Summary: A multi-institutional research team secured a $9 million grant to study how immune-cell aging impacts Parkinson’s disease. The study will investigate how cellular “burnout” drives the stark differences in disease risk and progression among patients. By mapping these immune system changes, the project aims to uncover precise biomarkers and pioneer customized, oncology-style immunotherapies to intercept neurodegeneration early.
Key Facts
- Immune-Cell “Burnout” Focus: The study investigates immune-cell exhaustion—a state where aging immune networks lose their functional capacity—to see how it triggers or accelerates neurodegeneration.
- Personalized Neurology Paradigm: Researchers aim to mirror the cancer field’s precision medicine model, tracking distinct immune profiles to tailor therapies to an individual’s unique biological baseline.

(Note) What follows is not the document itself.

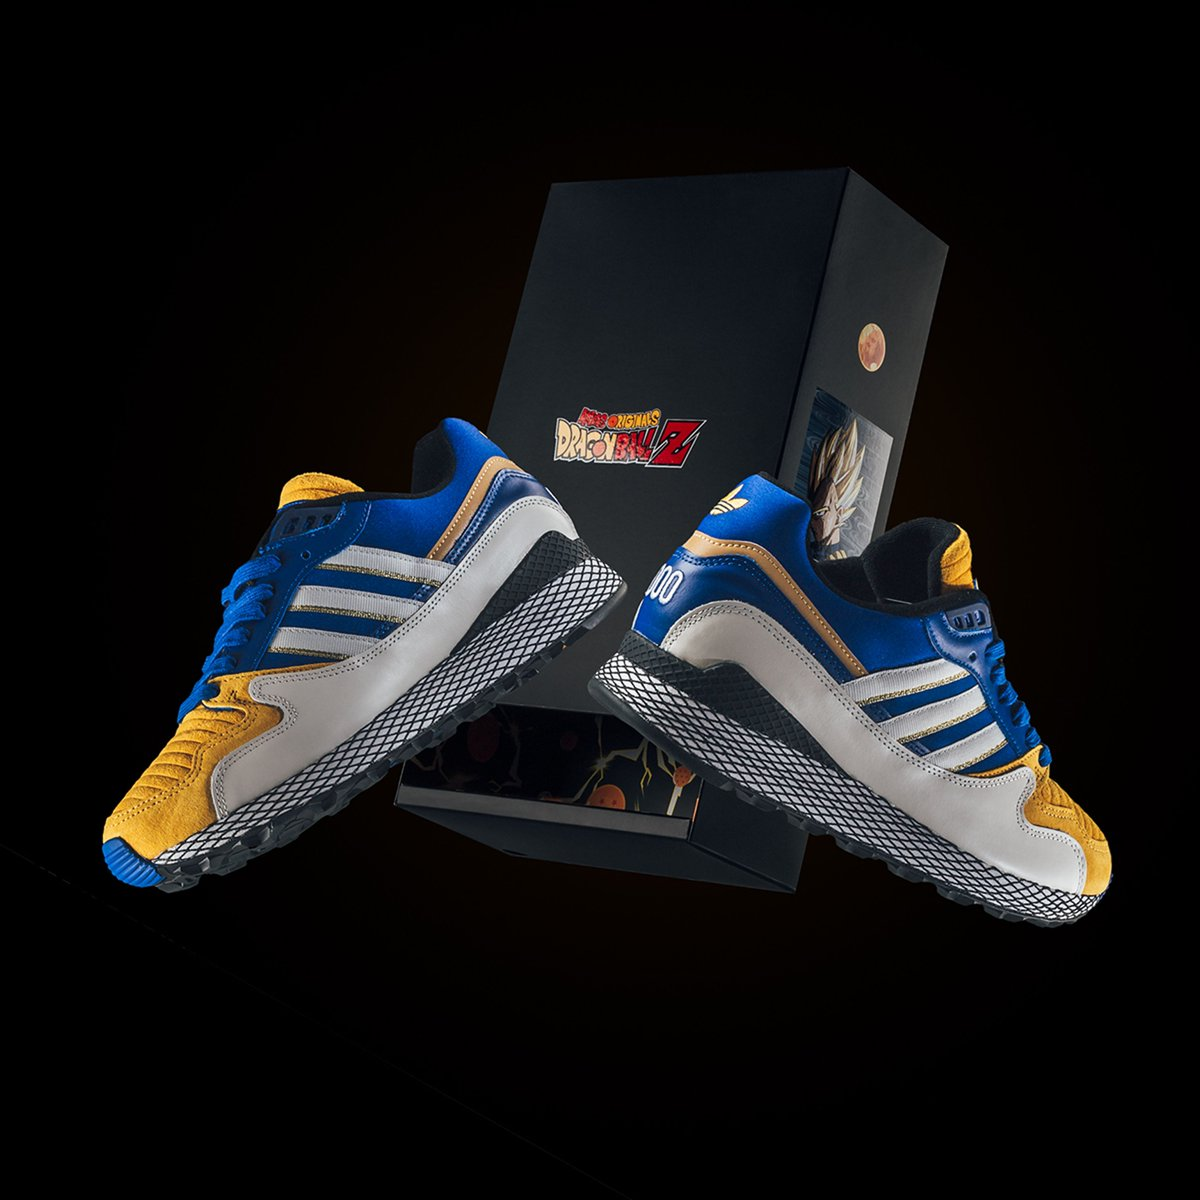 d97054 adidas- OFF 58% - www.butc.co.za!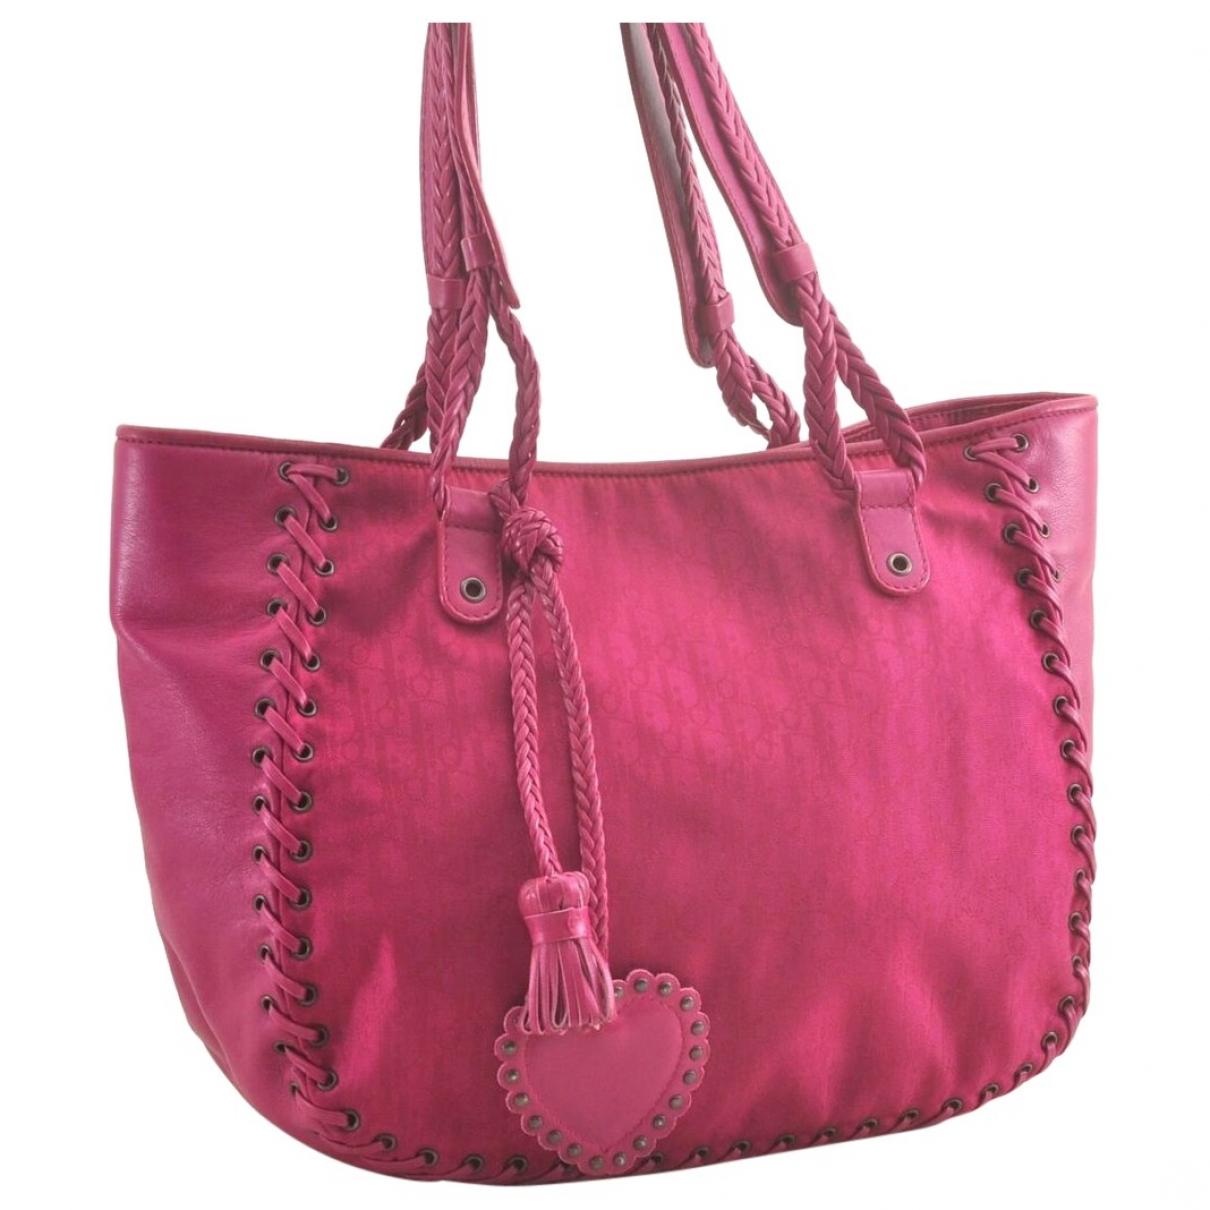 Dior \N Purple handbag for Women \N

- Shedding Light on Heterogeneity: By analyzing immune variations, the team hopes to explain why Parkinson’s manifests and progresses so differently from one patient to another.
- Massive Economic Framework: The research addresses a critical public health crisis; Parkinson’s impacts over 1.1 million Americans and incurred an annual economic burden of $82 billion in 2024 alone.
- Open-Science Global Toolkit: Managed by an internal biostatistics data core, the team will generate high-quality, standardized resources for the global research community to reduce technical hurdles in drug development.
Source: Indiana University
A new cutting-edge research team, led by Indiana University School of Medicine scientists and interdisciplinary experts from multiple universities, will investigate the role of immune cell aging on Parkinson’s disease risk and progression. Specifically, the group will study immune-cell exhaustion in idiopathic and familial forms of Parkinson’s cases.
Malú Gámez Tansey, PhD, professor of neurology at IU School of Medicine, will serve as lead primary investigator on the project, which is funded by a generous $9 million grant.
Tansey and her team have been selected to join the Collaborative Research Network, an international, multidisciplinary, multi-institutional network working to address high-priority research questions about Parkinson’s disease, through a grant awarded by Aligning Science Across Parkinson’s (ASAP), in partnership with The Michael J. Fox Foundation for Parkinson’s Research (MJFF).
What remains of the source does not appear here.